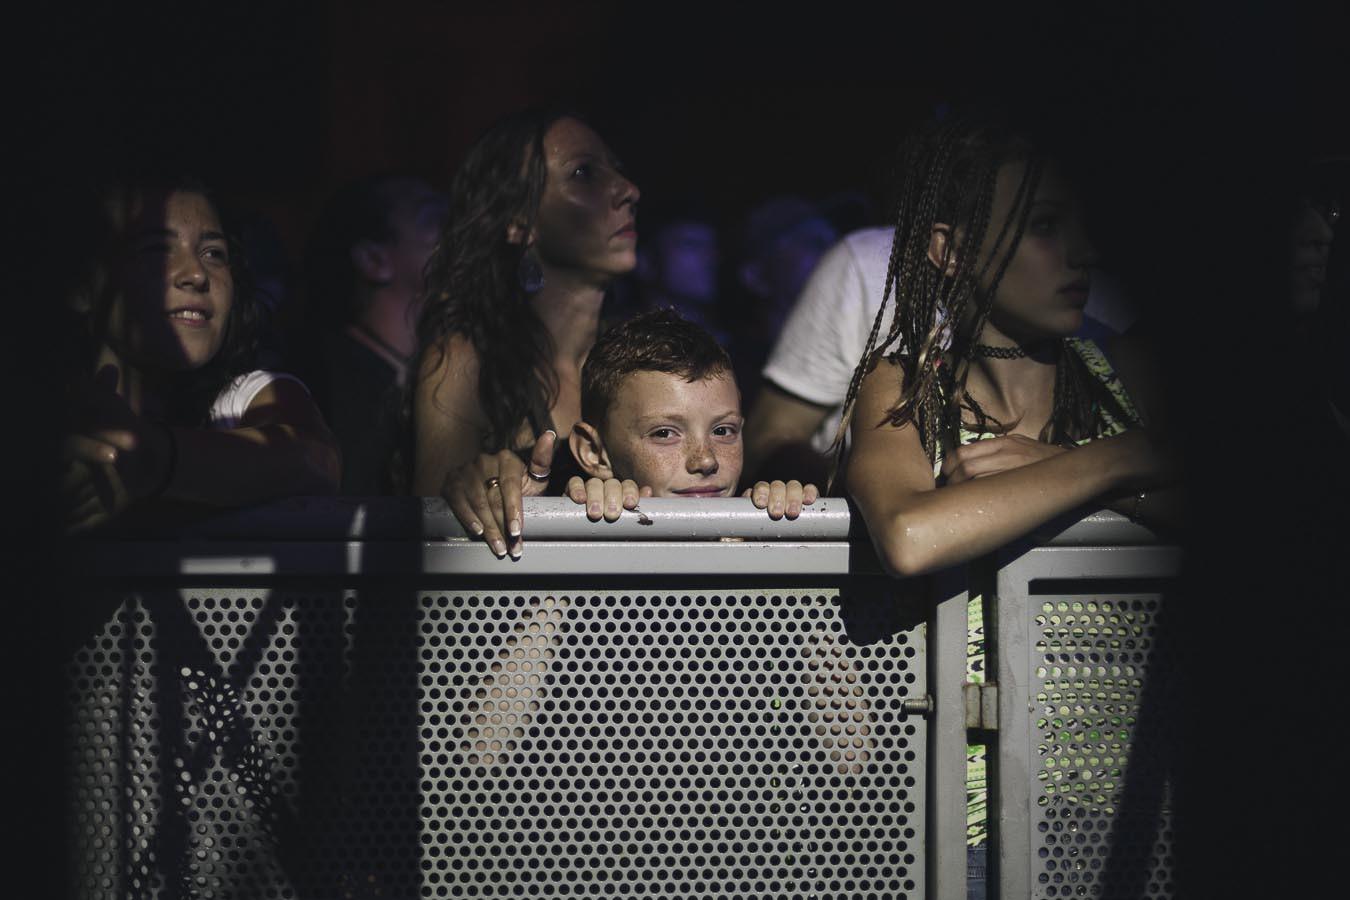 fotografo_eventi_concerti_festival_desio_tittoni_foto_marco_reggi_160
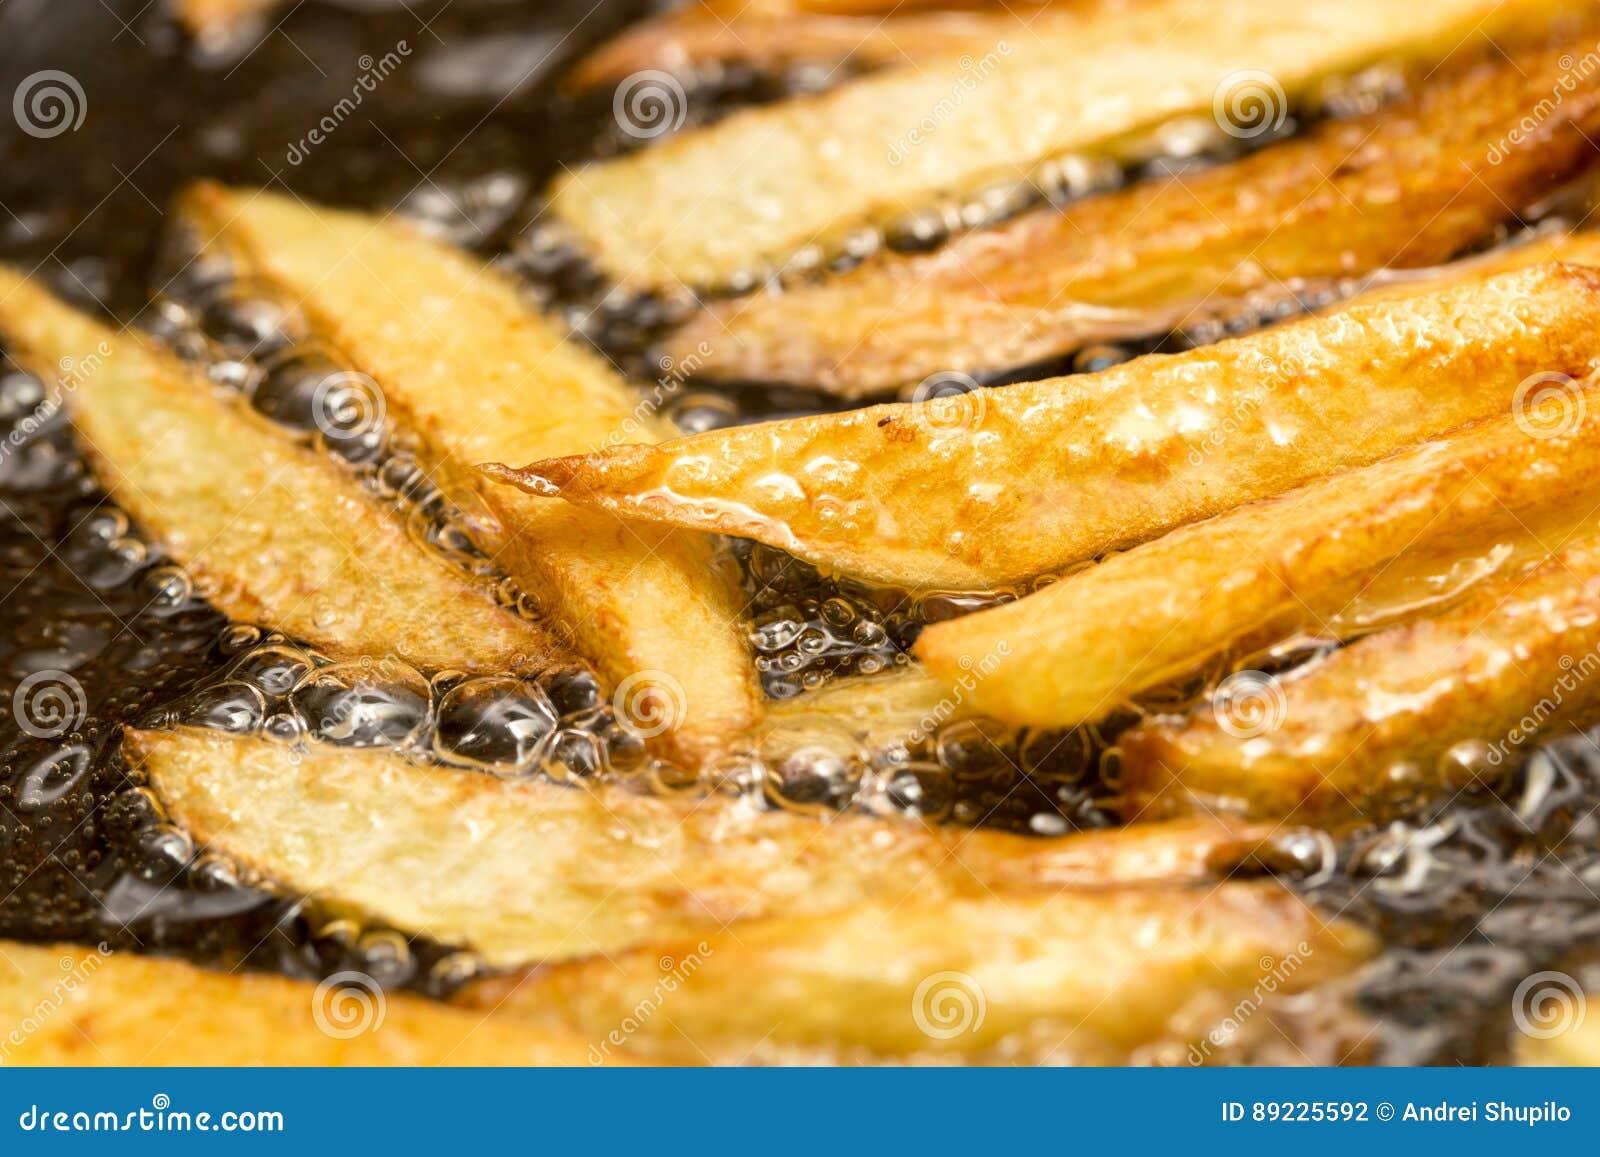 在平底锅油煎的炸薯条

---

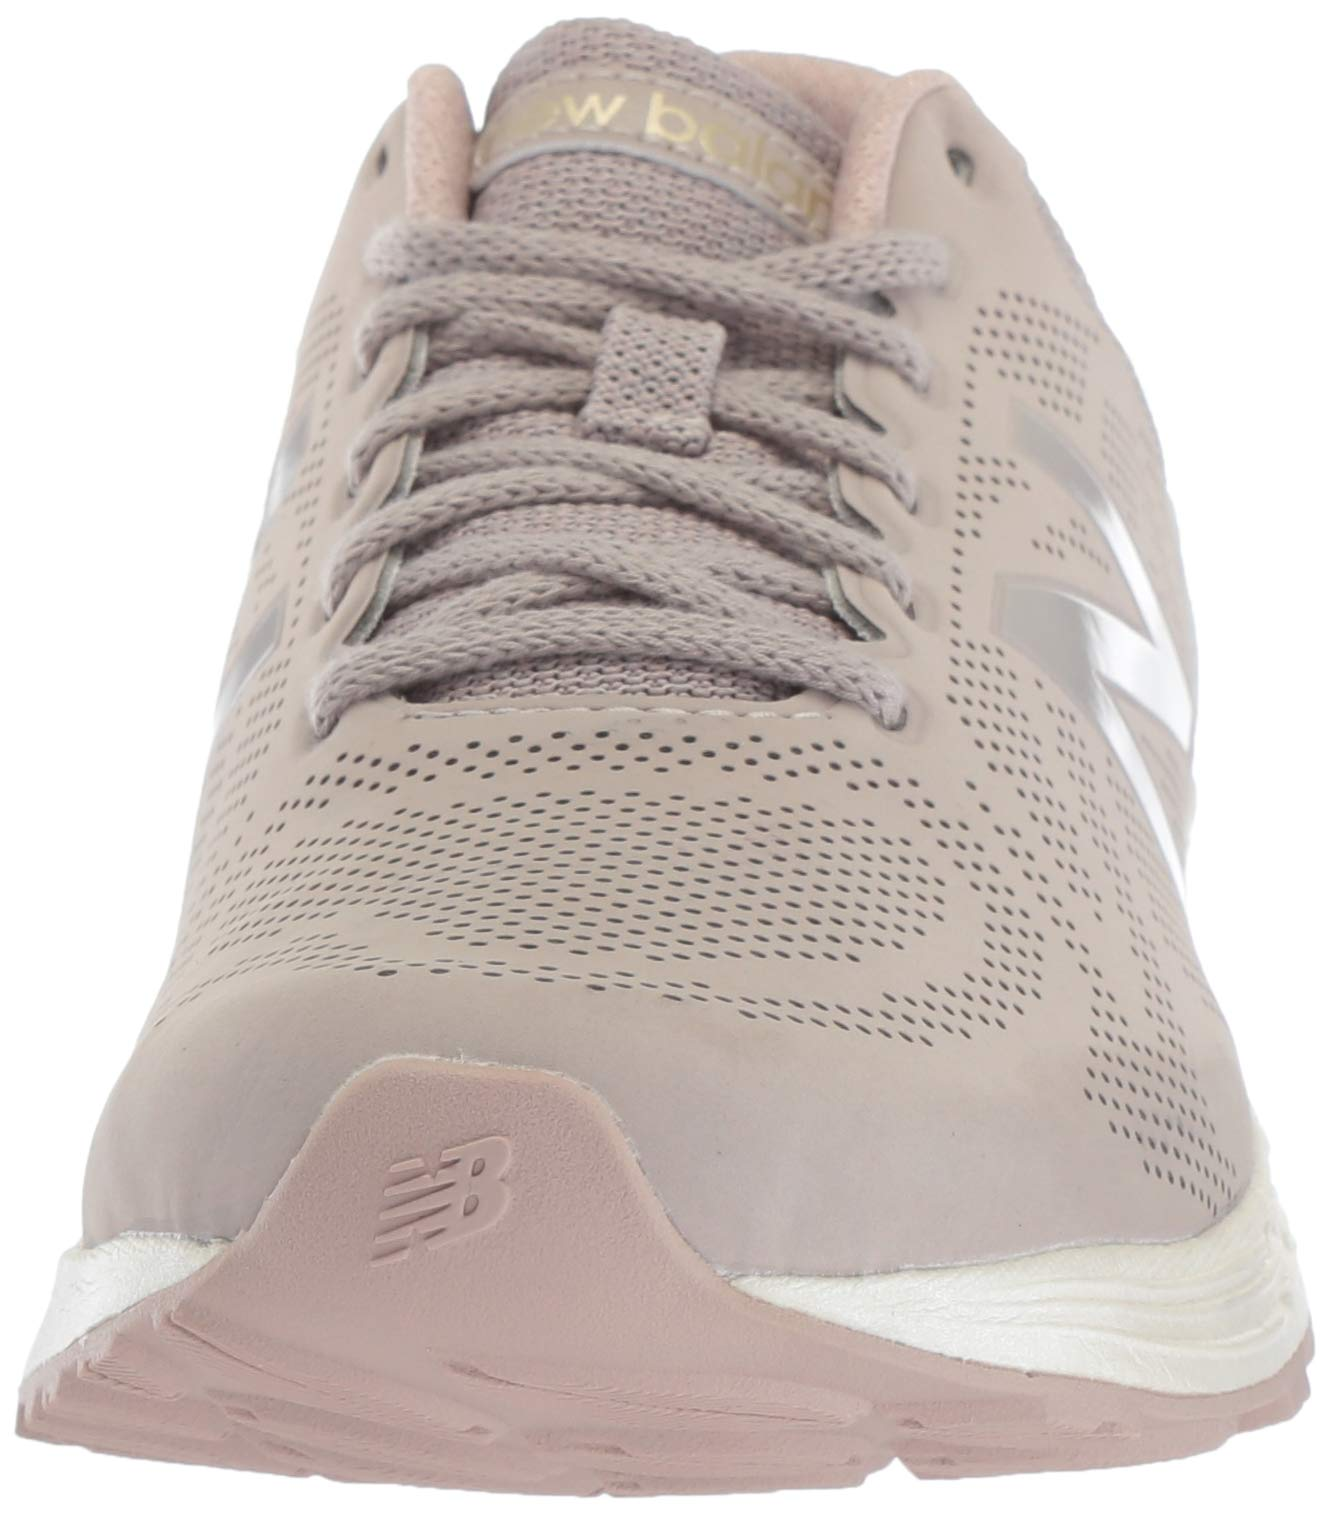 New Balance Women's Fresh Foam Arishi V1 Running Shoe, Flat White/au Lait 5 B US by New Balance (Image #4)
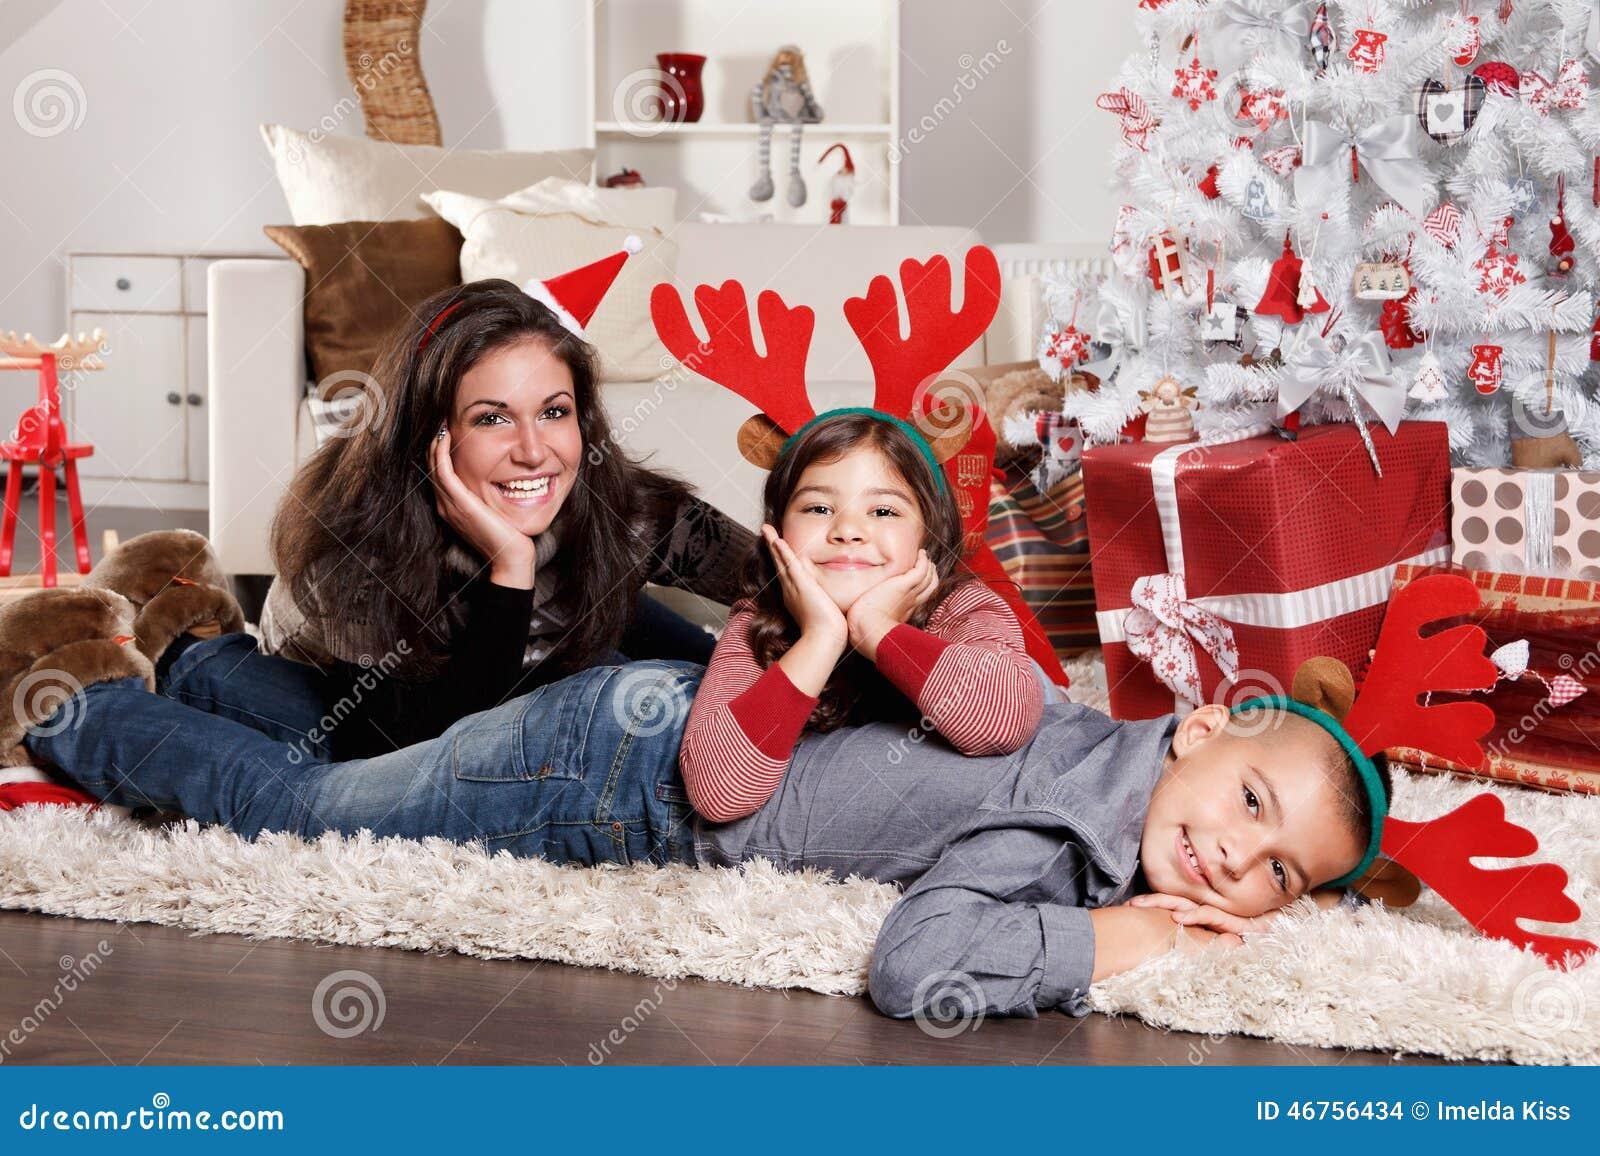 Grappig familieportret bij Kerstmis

◆ **TASK INSTRUCTIONS**
Copy word for word the lines of the records above from the one with "New Balance Women's" up to and including the one with "Grappig familieportret bij Kerstmis". Skip the pictures.

◆ **RESULT FOR THIS EXERCISE**
 New Balance Women's Fresh Foam Arishi V1 Running Shoe, Flat White/au Lait 5 B US by New Balance (Image #4)
 Grappig familieportret bij Kerstmis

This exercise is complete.